Diseño
Lo primero que llama la atención en el GateWatch es su tamaño, y es que ocupa completamente 2 bahías 5 1/4 de la caja
de nuestro PC, de modo que aquéllos usuarios con cajas mini ATX que no tengan al menos 4 bahías lo tendrán un poco
difícil si quieren personalizar su caja con este accesorio.
El GateWatch permite monitorizar la temperatura de 4 dispositivos (HDD, VGA, CPU y Caja) con una precisión de décima de
grado, así como establecer alarmas a la temperatura deseada
para cada uno de ellos. De igual manera monitoriza la velocidad de hasta 4 ventiladores que podamos tener instalados
en nuestro PC, y además nos permite regular sus rpm hasta el valor deseado, en incrementos de 100rpm, desde el 50% hasta
el 100% de la velocidad nominal del ventilador.

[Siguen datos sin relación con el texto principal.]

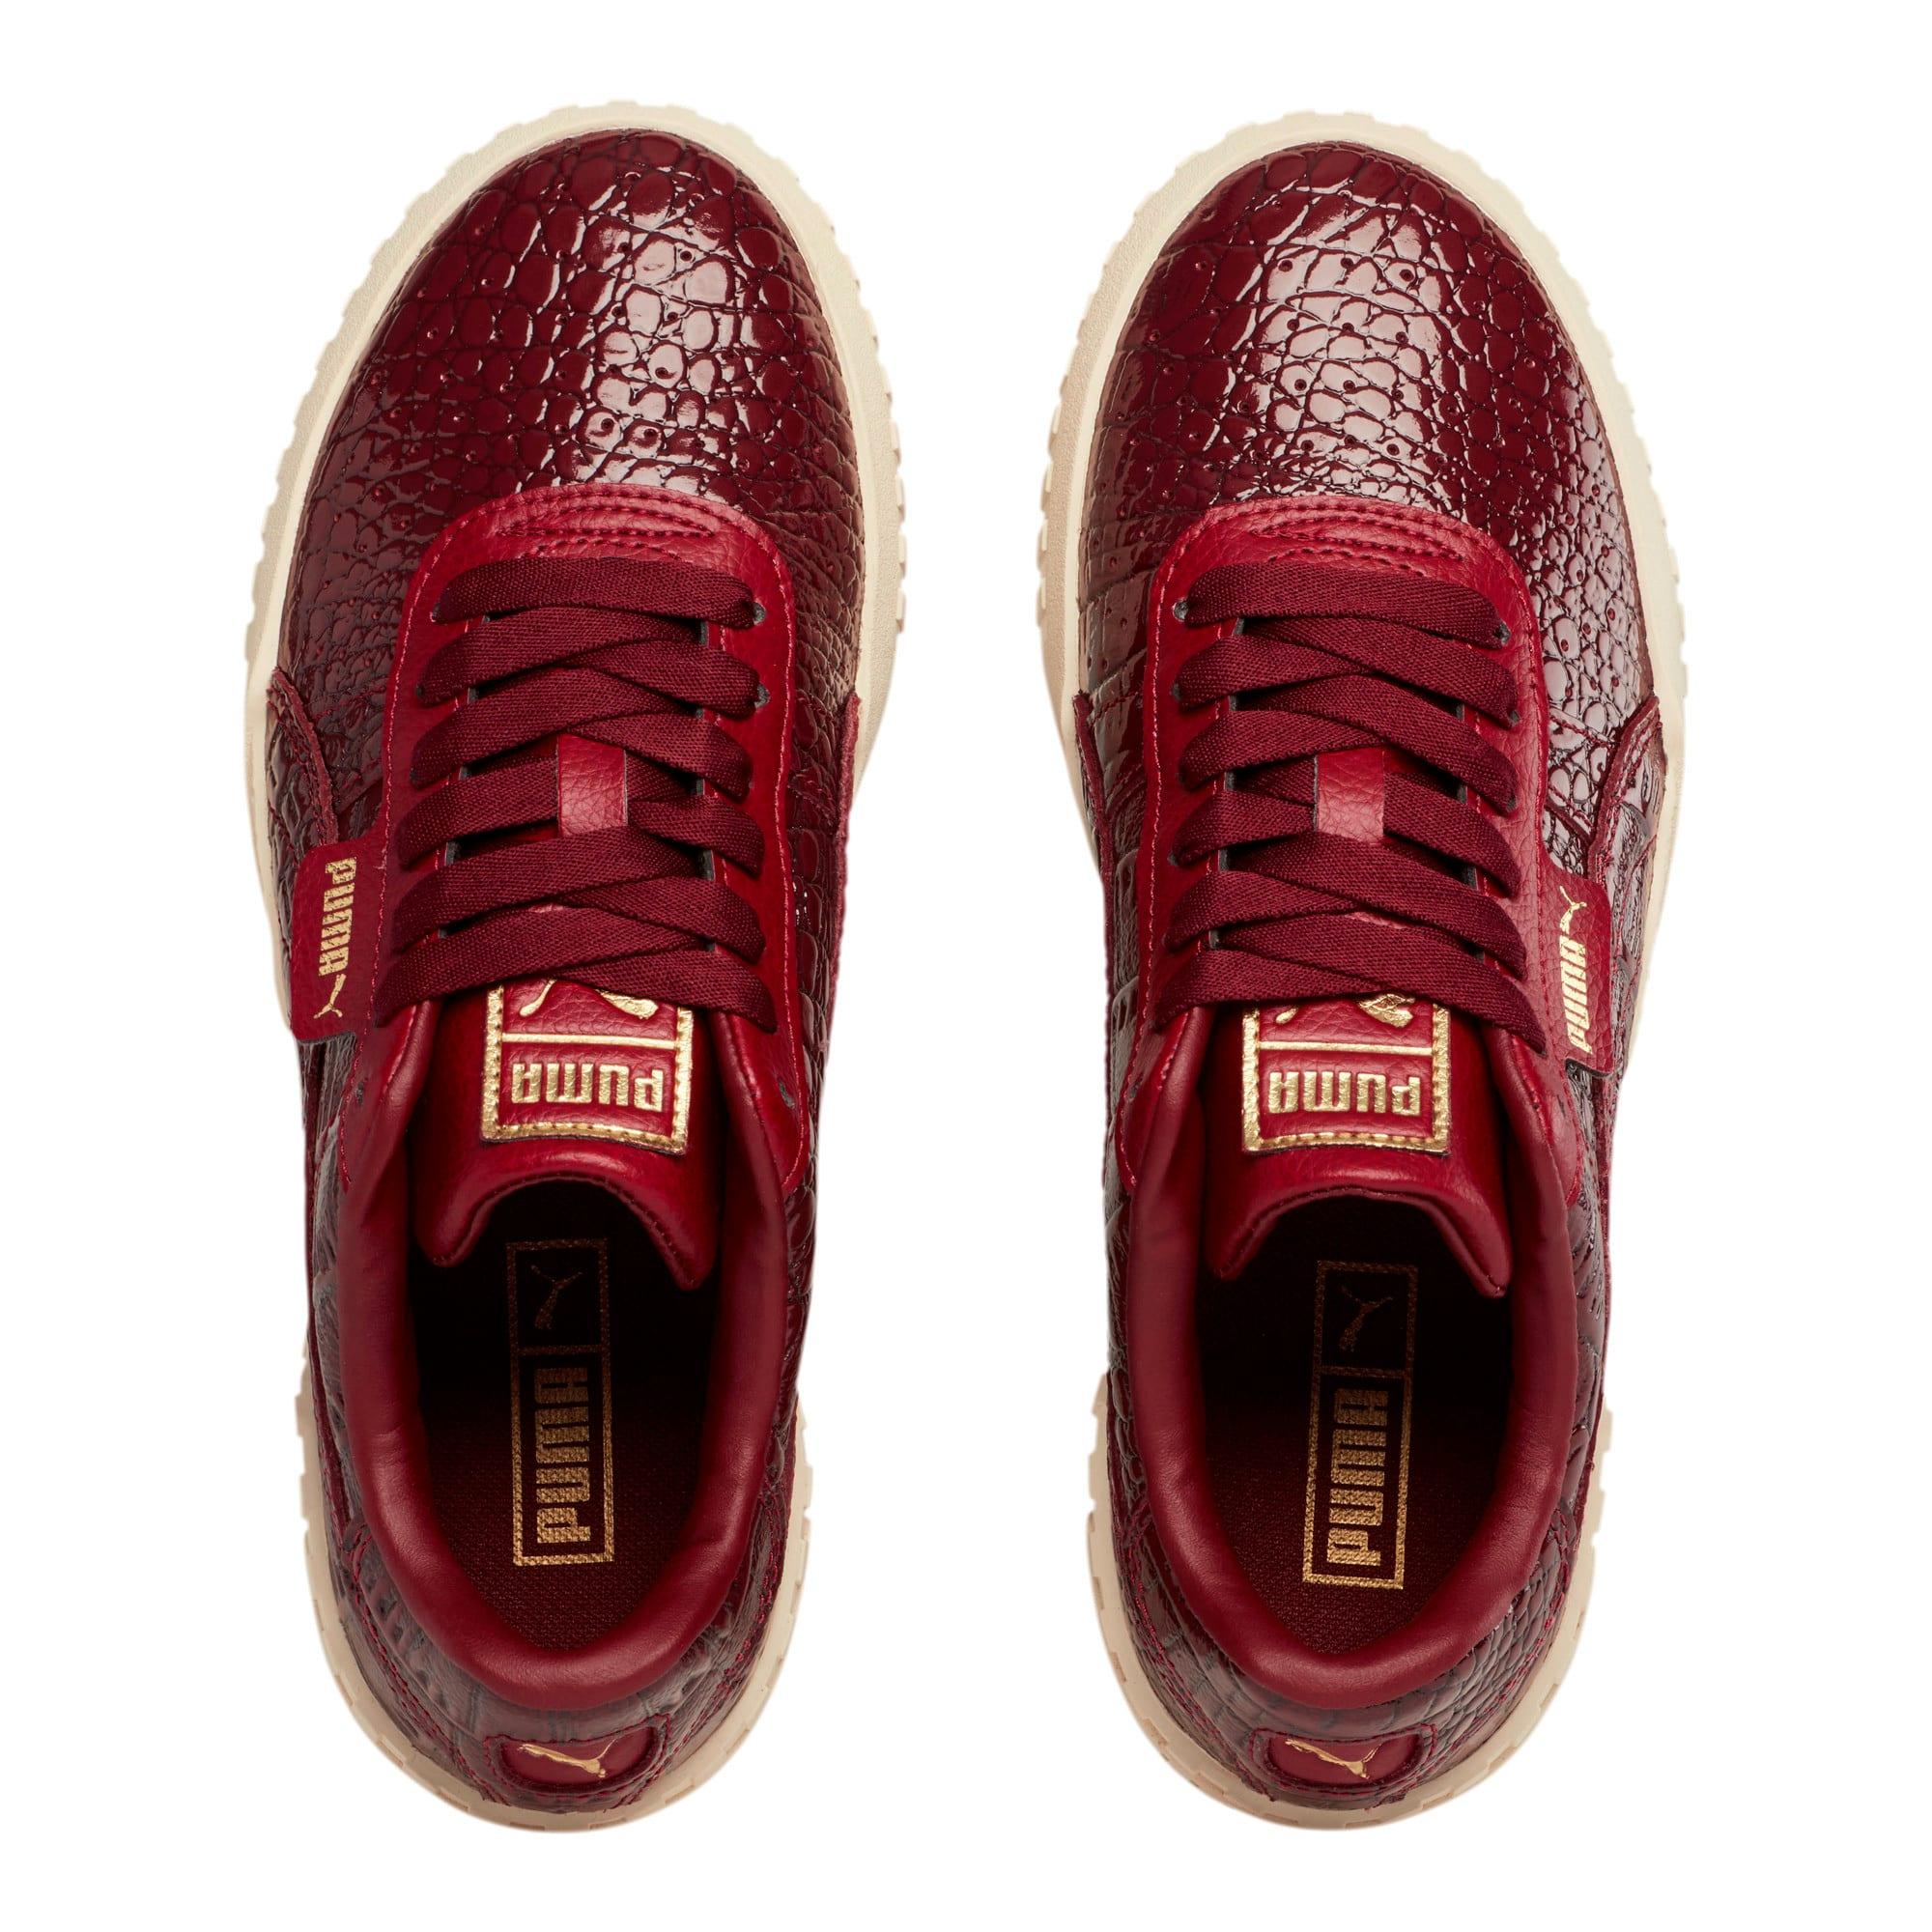 Thumbnail 7 of Cali Croc Women's Sneakers, Pomegranate-Pomegranate, medium

Su funcionamiento puede regularse de modo manual, donde el usuario establece manualmente la velocidad a la que funcionará cada
ventilador, como automático, donde el propio GateWatch regula automáticamente la velocidad de los ventiladores en función de la
temperatura del dispositivo al que están asociados. Como es de esperar en un producto tan funcional, la circuitería y cableado
son de un tamaño considerable:
El GateWatch está disponible tanto en color plata, muy de moda últimamente, como en negro, donde el contraste del negro
mate de la carcasa con el plateado de los botones hace muy bonito. Además podemos elegir que la iluminación de su
display sea en azul, rojo o morado:
En la siguiente fotografía podemos observar con más claridad la información que muestra el GateWatch,
aunque el flash de la cámara anula la iluminación de su display:
El GateWatch también nos permite regular el volumen de la tarjeta de sonido, conectando
los cables que se incluyen y que se alojan en una ranura PCI de la caja. También tiene un ecualizador gráfico de 3 bandas
para mostrar el nivel de ruido, aunque es algo más bien decorativo pues su utilidad es bastante discutible. Por último,
incorpora un reloj en formato 24H, de utilidad también discutible puesto que el propio sistema operativo ya nos indica
la hora pero vaya, a caballo regalado ya sabéis...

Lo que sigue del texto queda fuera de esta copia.